FIG. 4 shows another embodiment of the first nozzle, which is different from the above embodiment in that the tip of the internal passage 11a is curved or finished by polishing or etching so that the tip surface faces 1b. The difference is that a blowout guide surface 11c having a gradually increasing diameter is formed. Also in the first nozzle 11 of this embodiment, the blown steam can be blown out in a wide angle range along the curvature of the blowout guide surface 11c, and the same action and effect as those of the above-mentioned embodiment can be obtained.

The positional relationship between the two nozzles illustrated in the embodiment may be appropriately changed according to the nozzle diameter and the blowing vapor pressure.

[0020]

As described in detail above, according to the present invention, it is possible to blow out steam from the first nozzle in a wide angle range along the inclination of the blowout guide surface. Even if there is a slight error in the positional relationship with, the error can be absorbed and suction and atomization of the spray liquid can be performed properly.

[Brief description of drawings]

FIG. 1 is a side view of a nozzle structure to which the present invention is applied.

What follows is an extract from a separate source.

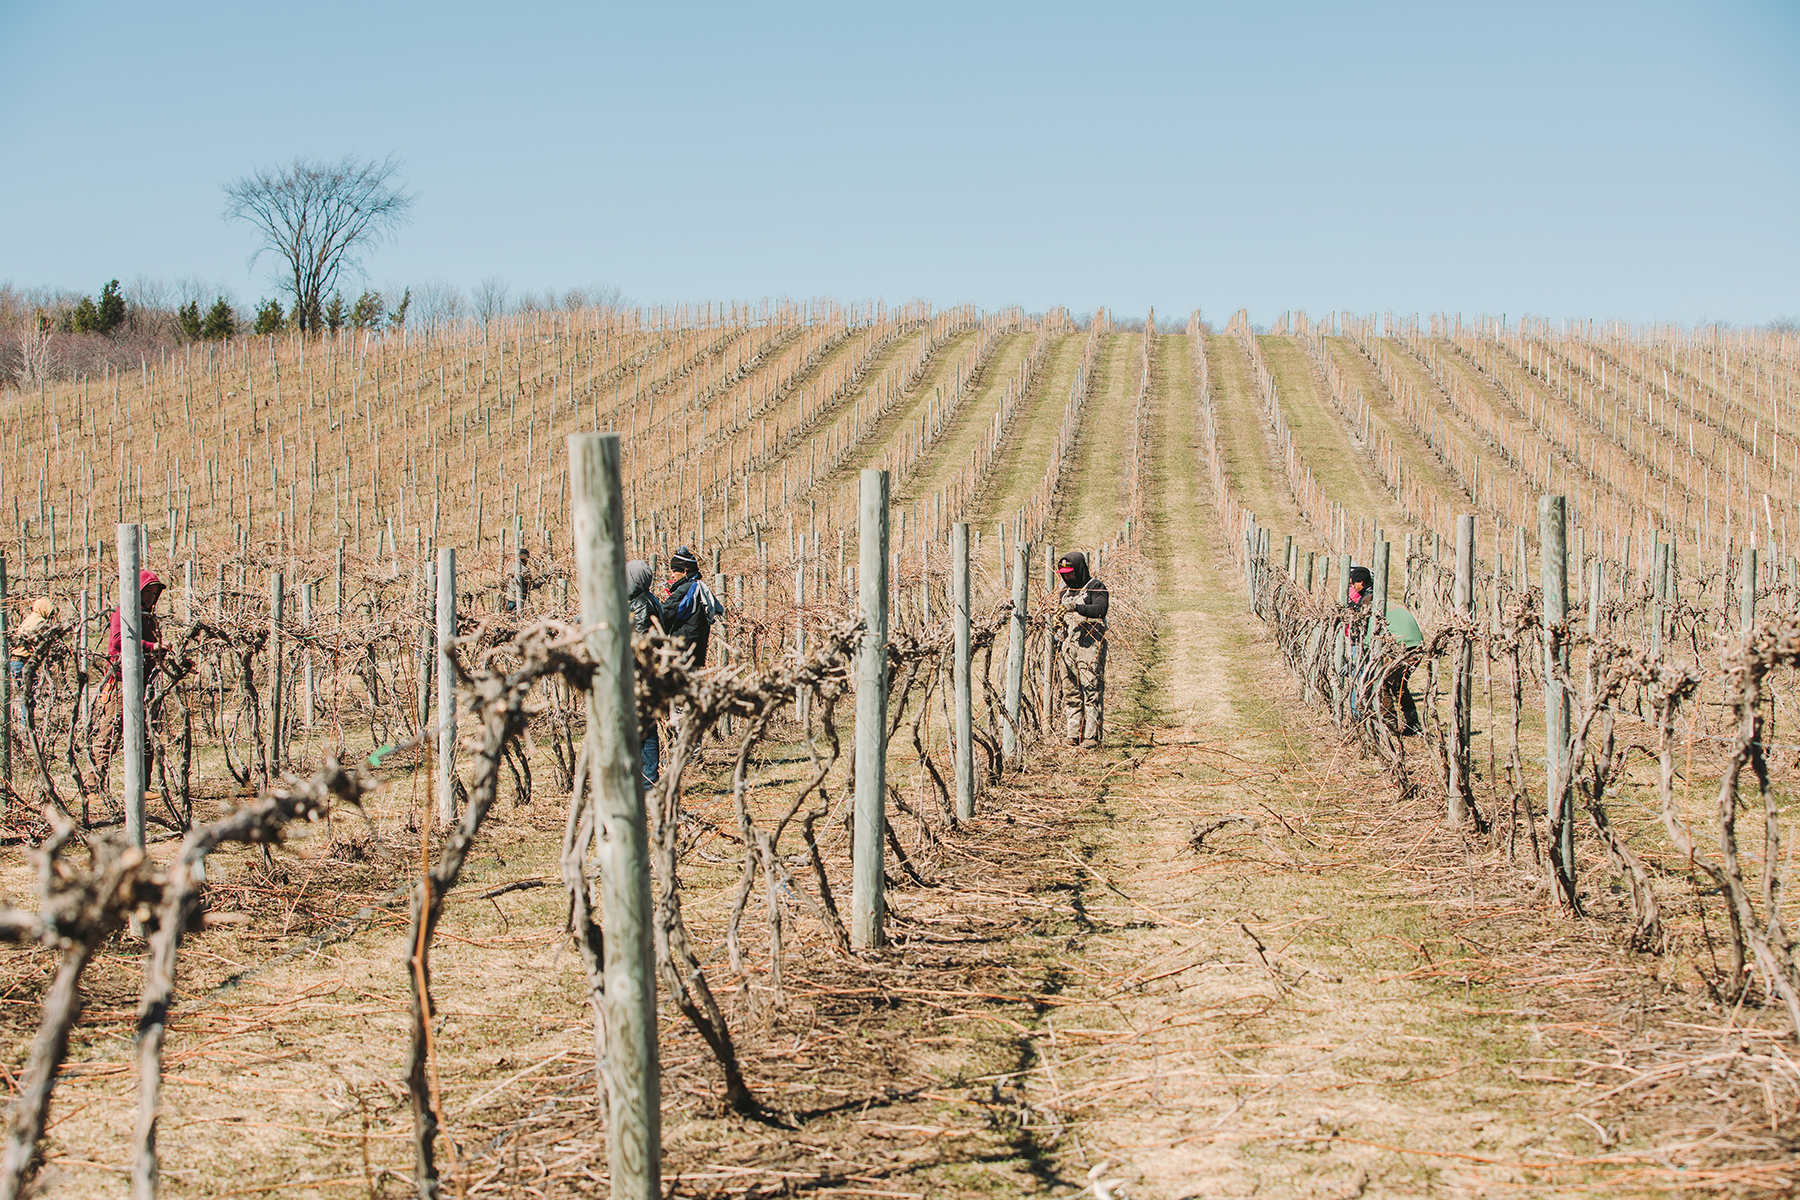 Leelanau County grape vines are pruned in April of 2019.

FIG. 2 is a sectional view of a main part of a first nozzle.

FIG. 3 is a schematic configuration diagram of a two-fluid spray liquid spray device.

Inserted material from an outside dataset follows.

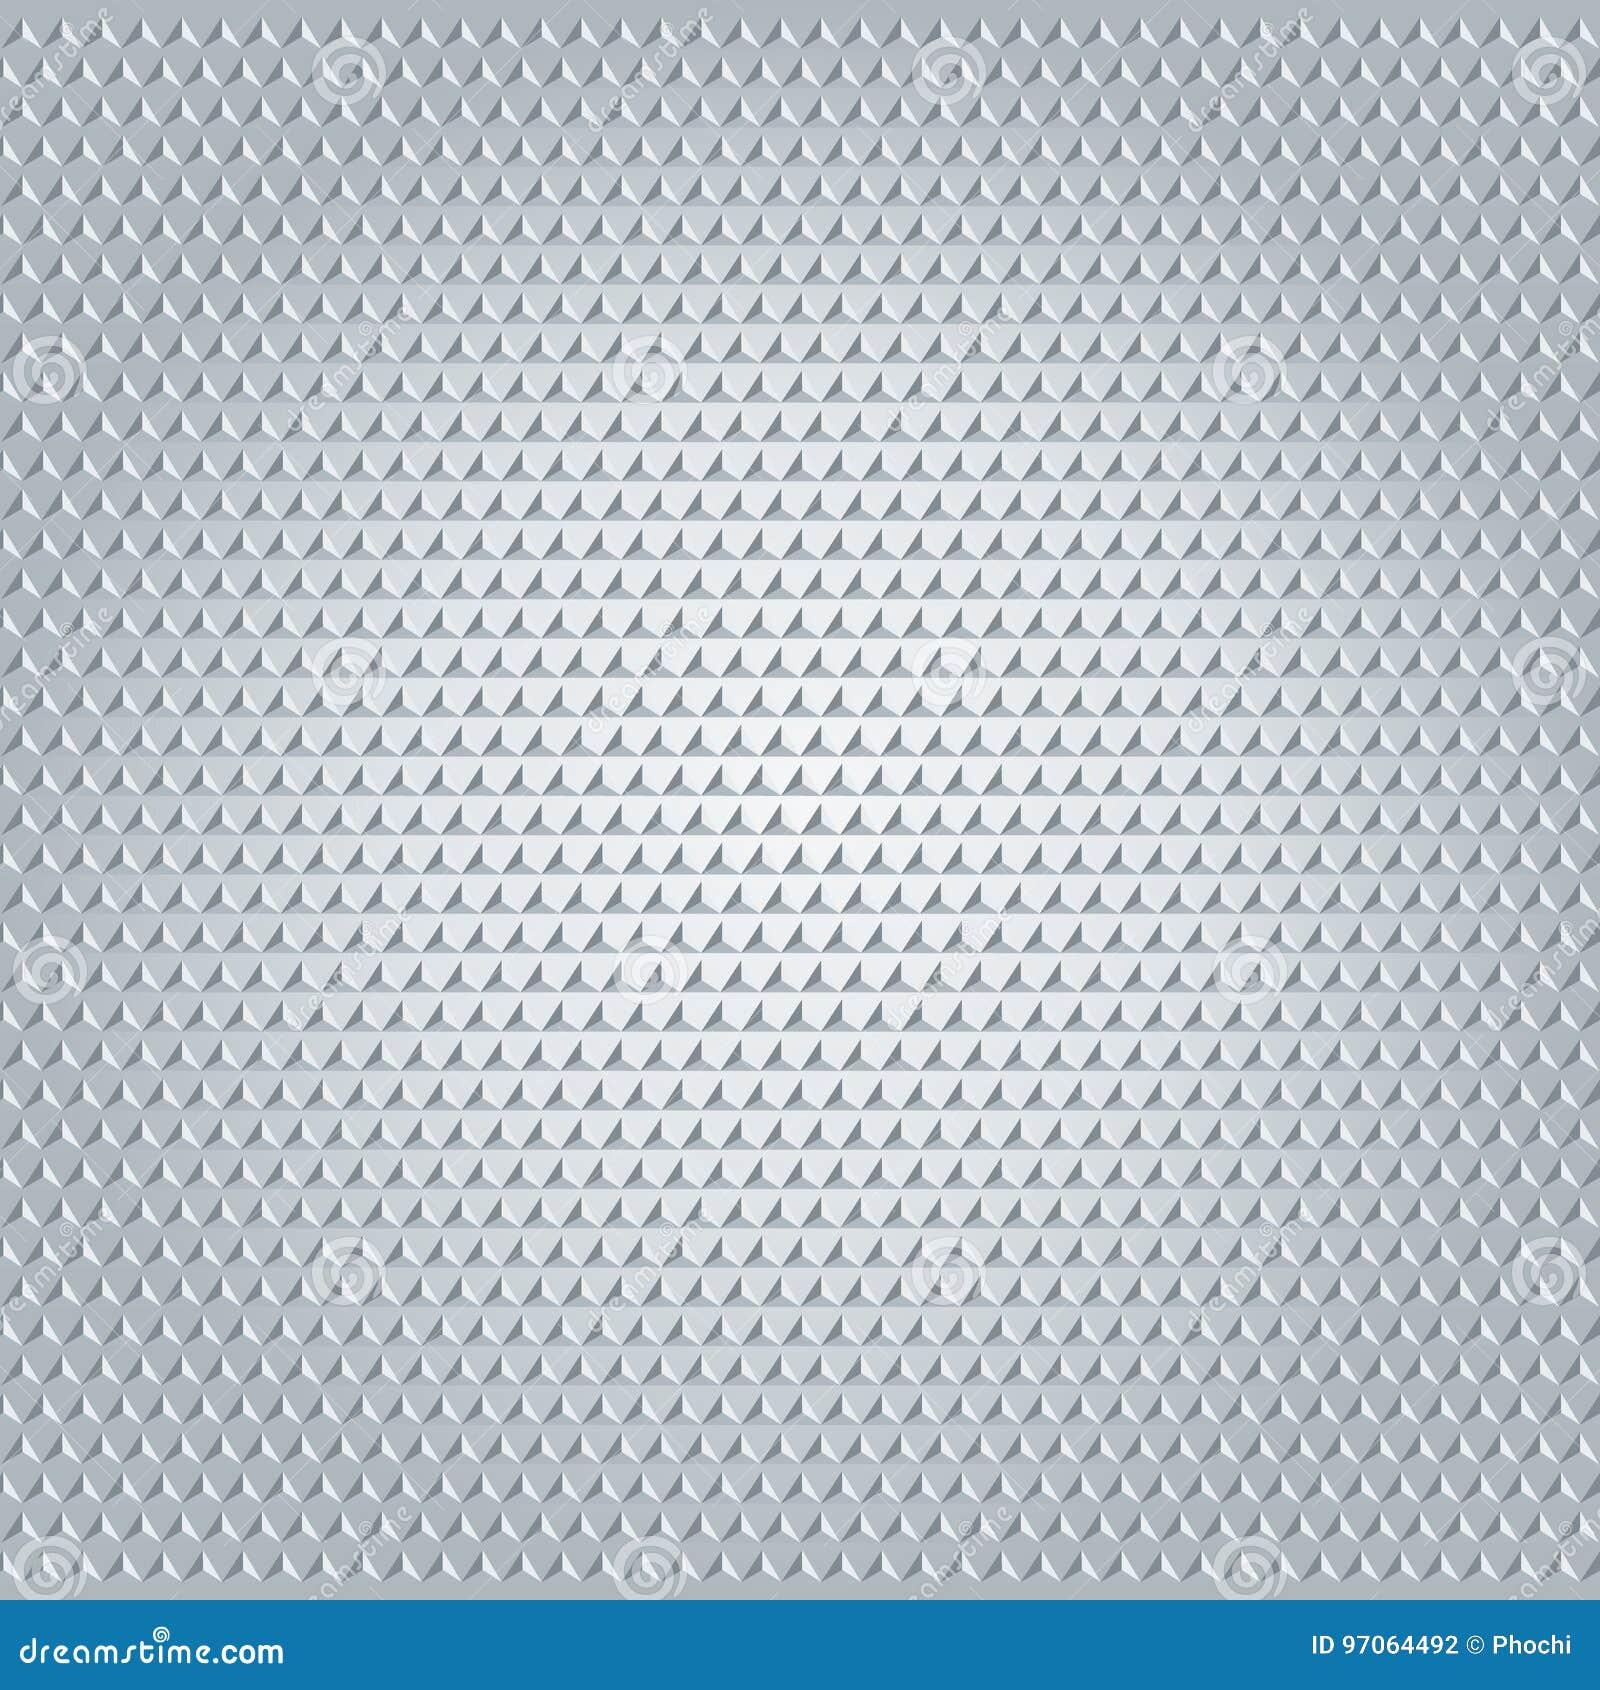 3d Geometric Pattern, Triangular Pyramid, Vector Background Stock ...

FIG. 4 is a sectional view of an essential part showing another embodiment of the first nozzle.

[Explanation of symbols]

1 ... 1st nozzle, 1a ... Internal passage, 1b ... Tip surface, 1c
... Blowout guide surface, 2 ... second nozzle, S1, S2 ... center line,
11 ... 1st nozzle, 11a ... Internal passage, 11c ... Blow-out guide surface.

Claims (1)

[Scope of utility model registration request] 1. A first for blowing out vapor of a vapor liquid.
A second nozzle for sucking up the spray liquid in a direction orthogonal to the center line of the first nozzle is arranged in front of the nozzle, and the second nozzle is used when the vapor of the vapor liquid is blown out from the first nozzle. In the nozzle structure of the two-fluid atomization type liquid atomization device in which the atomization liquid is sucked up by the negative pressure generated at the tip portion of the A nozzle structure of a liquid spraying device, characterized in that a blowout guide surface having a diameter gradually increasing toward the front end surface of the first nozzle is formed at the front end portion.